As well as receiving two international caps, Venables held the distinction of being the only footballer to play for England at schoolboy, youth, amateur, Under-23, and for the full international team; as the amateur team was disbanded in 1974 no player was ever able to match his record. He was named by Alf Ramsey on the list of 33 "possibles" for the 1966 FIFA World Cup, having won two caps in 1964 – a 2–2 draw with Belgium and a 1–1 draw with the Netherlands, but did not make it into the final squad of 22.

==Managerial career==

===Crystal Palace===
Venables worked as Malcolm Allison's coach for the 1975–76 season, when Palace reached the semi-finals of the FA Cup; however they lost the semi-final tie with Southampton and their subsequent league form suffered as they slipped back to fifth-place. Venables succeeded Allison as manager in June 1976. It proved to be a busy month for Venables, as he turned down the surprise offer to walk out on Palace to succeed Bertie Mee as Arsenal manager and also had a para-sailing accident in Mallorca which required 40 stitches.

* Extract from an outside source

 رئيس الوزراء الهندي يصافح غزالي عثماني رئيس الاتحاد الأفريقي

As Crystal Palace manager, Venables built a young team of mostly youth team players and free transfer signings which the media dubbed the "Team of the Eighties". Star winger Peter Taylor was sold on to Spurs for £200,000, but most of this sum went on balancing the club's books. Venables spent £1,500 to sign striker Rachid Harkouk from Feltham, coming up with half of this sum out of his own funds on the understanding that he would receive 50% of any future transfer fee for the player. By March 1977, the board found enough money for Venables to purchase Jeff Bourne from Derby County for £30,000, and Bourne ended the 1976–77 campaign with nine goals in 15 games to help Palace to secure the third and final automatic promotion place.

His team adjusted well to the Second Division and finished in ninth-place in 1977–78, before going on to win promotion as champions in 1978–79. They secured the title with a final day victory over Burnley in a rearranged fixture some days after all their promotion rivals had completed their fixtures; the win meant that they leapfrogged Brighton & Hove Albion, Stoke City and Sunderland, and they denied their M23 derby rivals from the south coast what would have been their club's highest honour.

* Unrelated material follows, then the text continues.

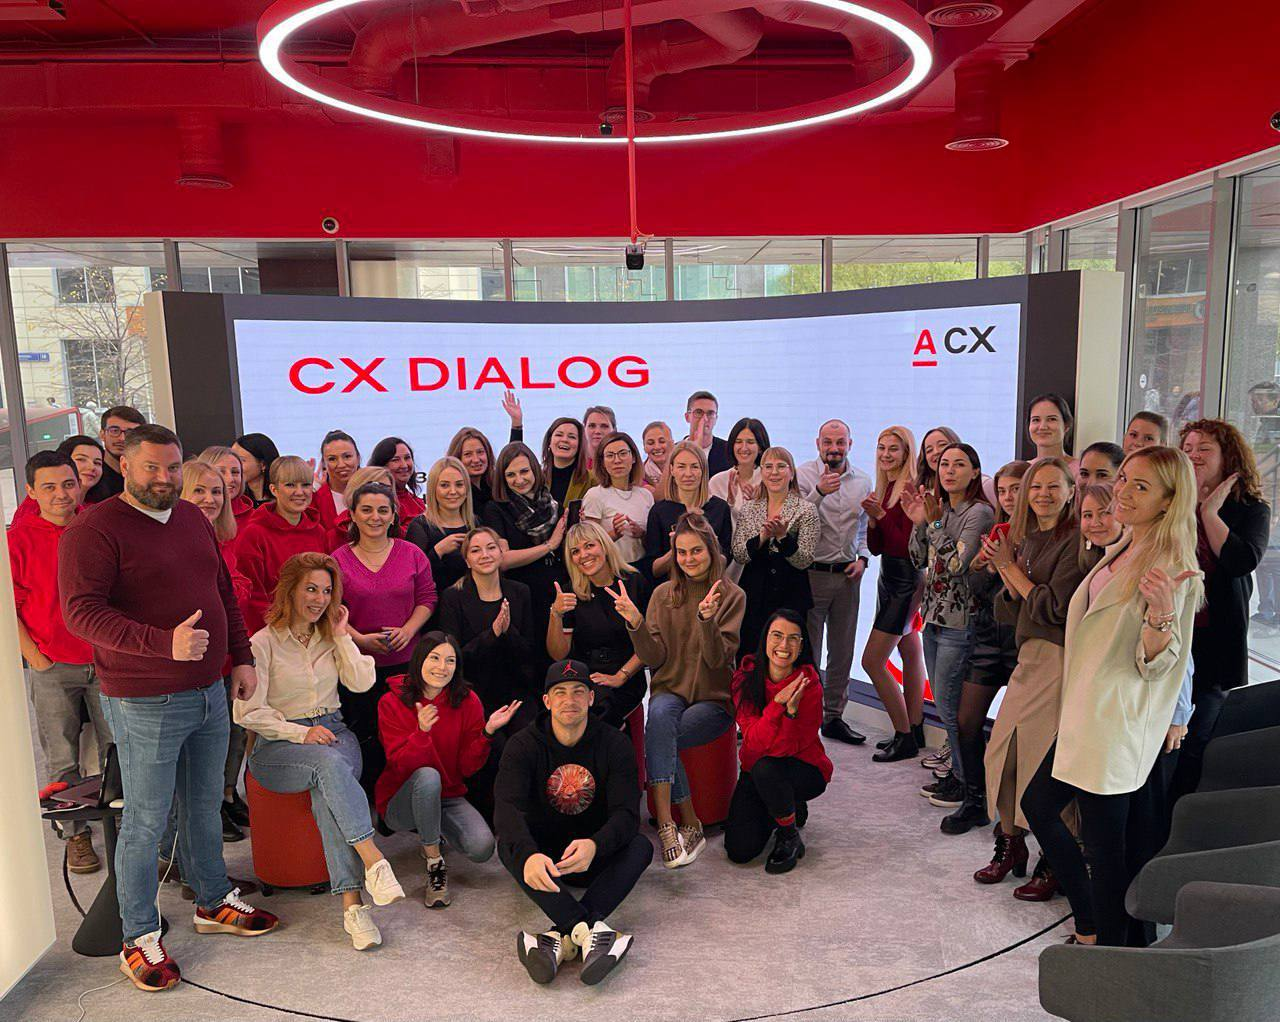 CX Dialog — ежеквартальные встречи, где сотрудники банка обсуждают клиентский опыт

His first season as a manager in the First Division, in the 1979–80 season, started successfully, and on 29 September, Crystal Palace were top of the English Football League for one week. They ended back down in 13th-place, which was at that time the club's highest ever league finish.

The following season started badly for Venables; expensive high-profile signings failed to gel, and by October 1980, Palace were bottom of the First Division, attendance was plummeting and the club was in financial difficulties. Venables left during October to join Second Division Queens Park Rangers; although the exact reasons behind his sudden departure have never been made clear.

===Queens Park Rangers===
Venables left Palace, in the top division, for Queens Park Rangers, who were in the Second Division. His departure from Selhurst Park coincided with a decline in form for Palace, who were relegated at the end of the season and did not regain their top flight status for another eight years. Venables drew a number of players over to Queens Park Rangers which, as reported at the time, gave an additional financial boost to his personal earnings.

Venables took QPR back into the First Division as Second Division champions in 1983. He also guided Rangers to the FA Cup final in 1982, whilst still a Second Division side, but lost in a replay against his former club Tottenham.

His final season as QPR manager, 1983–84, brought more success as they finished fifth in the league (their highest finish since they were runners-up in 1976) and qualified for the UEFA Cup. Venables then moved to Spain to take over at Barcelona, while his former teammate Alan Mullery took over from him at Loftus Road in an ill-fated arrangement that lasted just six months.

===Barcelona===
Venables gained a good reputation as a manager with his successes at Crystal Palace and QPR, and this attracted offers from some of Europe's most prestigious clubs. In 1984, Venables took the role of manager at Barcelona, earning the sobriquet "El Tel" by the English tabloid newspapers. He was recommended by Bobby Robson and Doug Ellis to Joan Gaspart, the F.C. Barcelona vice-president at the time. Venables used a very English system, a classic 4–4–2, which took advantage of outstanding defenders like Gerardo, Migueli and Julio Alberto, and a hard-working midfield led by West German Bernd Schuster. During his three seasons in Catalonia, Venables led the club to the Spanish league title in 1985 (their first since 1974). He also won the 1986 Copa de la Liga, and led them to the Copa del Rey final in 1986 losing to Real Zaragoza.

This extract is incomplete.